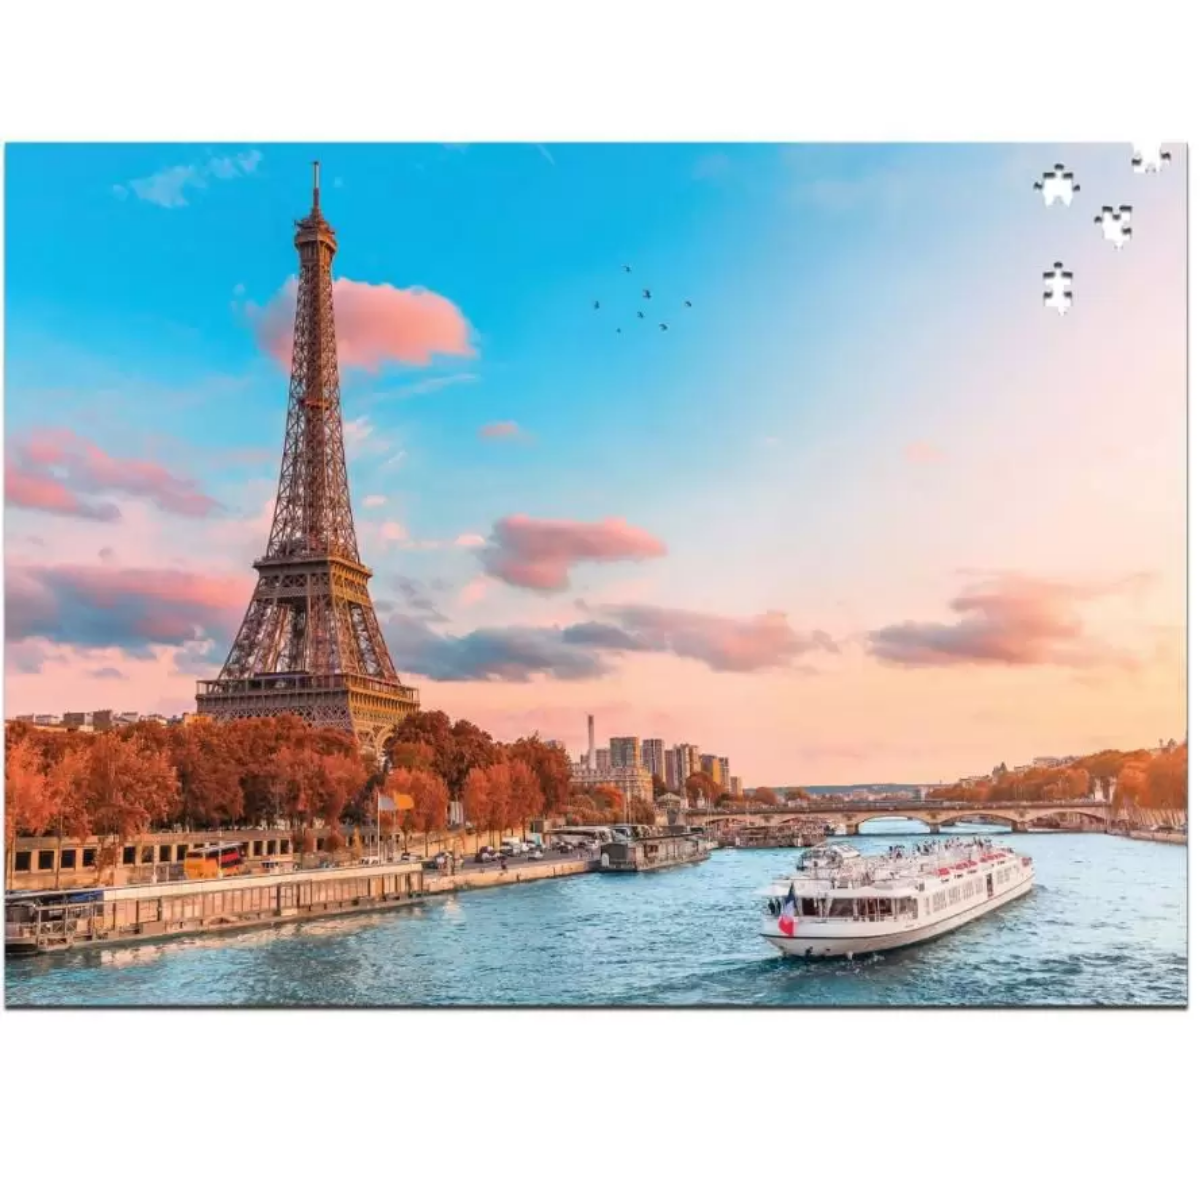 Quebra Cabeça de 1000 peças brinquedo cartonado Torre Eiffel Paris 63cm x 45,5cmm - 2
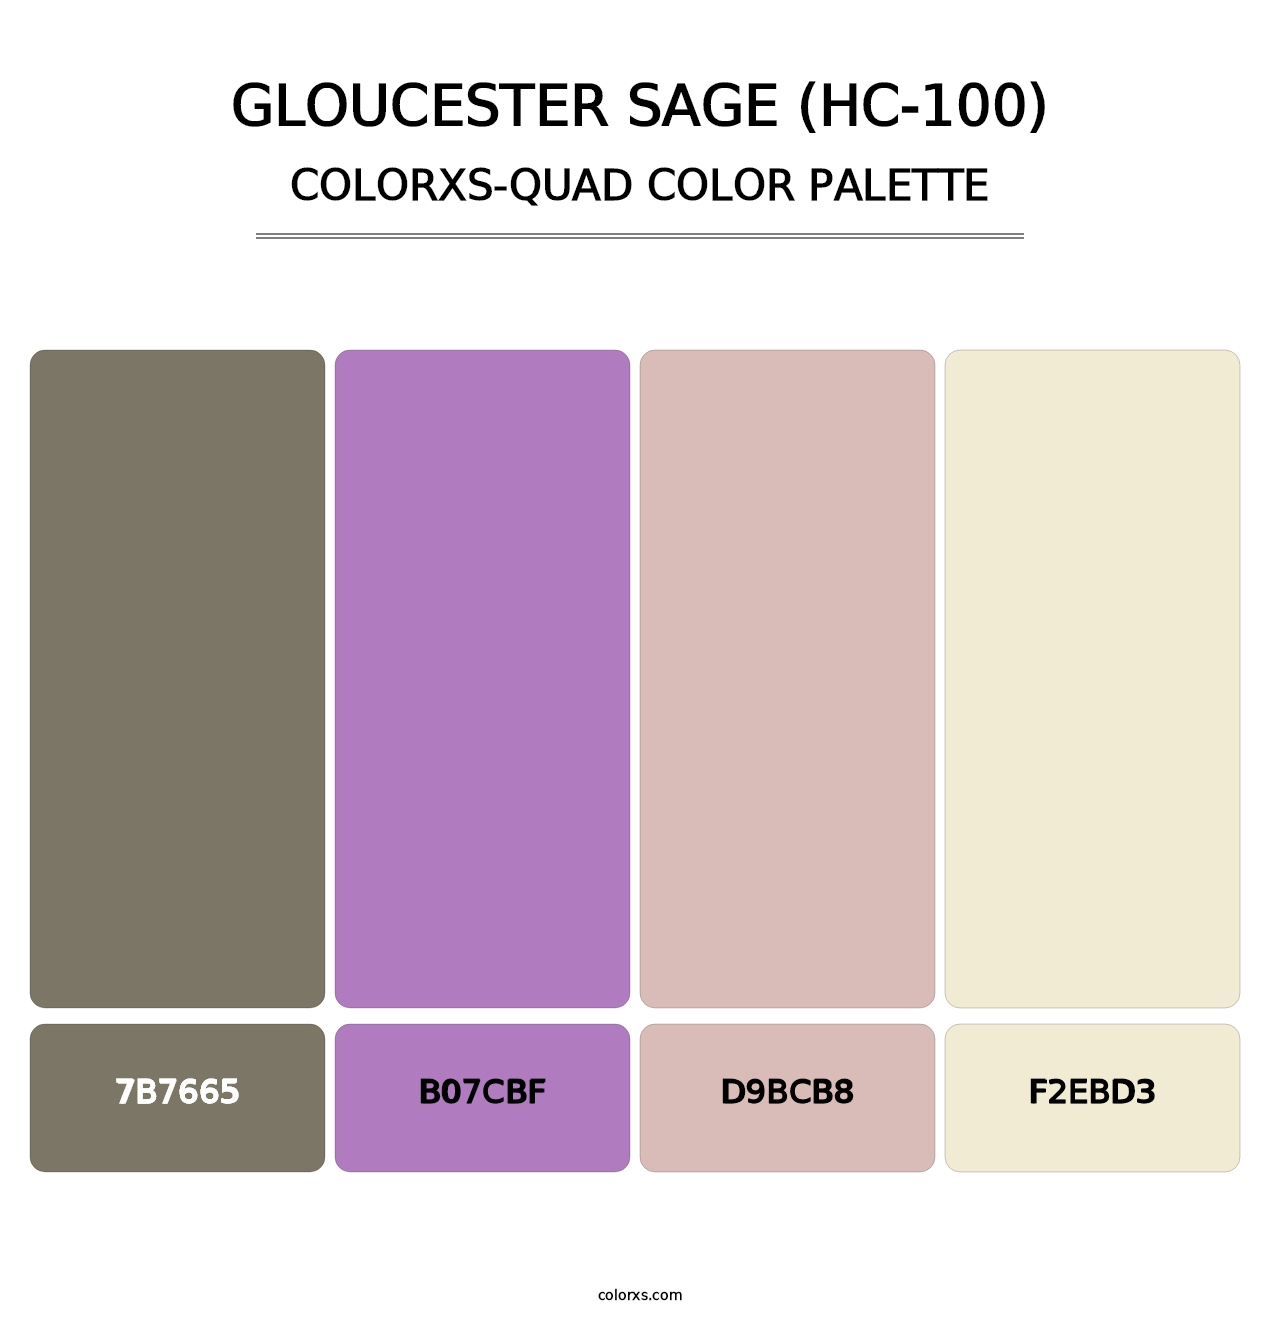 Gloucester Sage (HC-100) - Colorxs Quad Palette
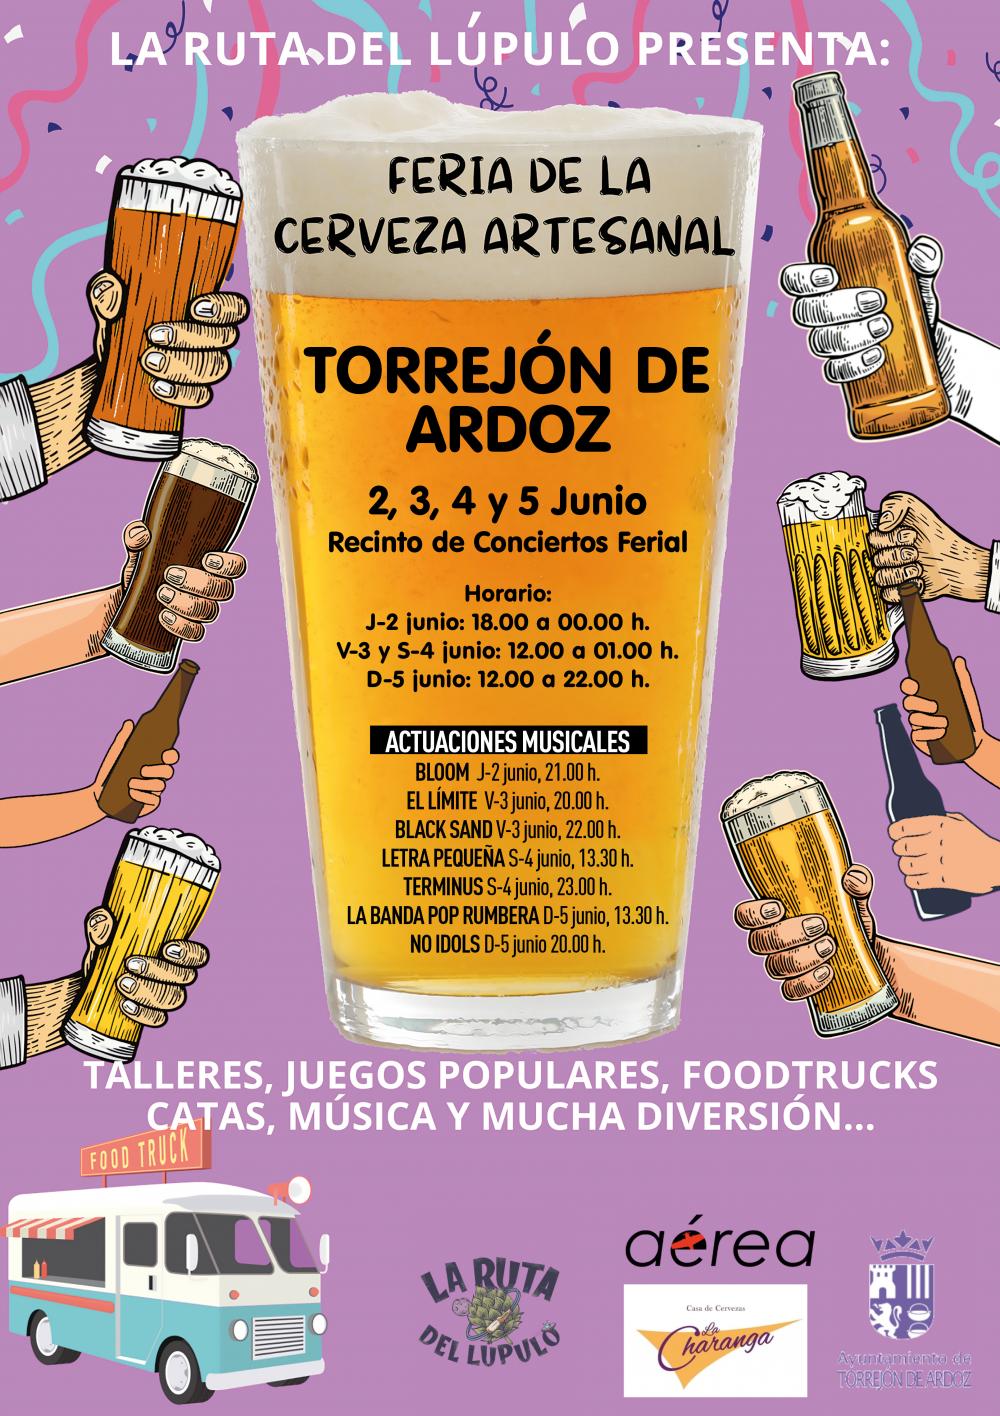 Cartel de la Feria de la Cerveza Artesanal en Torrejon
---+---
What is required: The lines running from the one with "Gloucester Sage (HC-100)" to the close of the material above are to be retyped exactly; no picture is to be included.

Solution to this task:
 Gloucester Sage (HC-100) - Colorxs Quad Palette
 Cartel de la Feria de la Cerveza Artesanal en Torrejon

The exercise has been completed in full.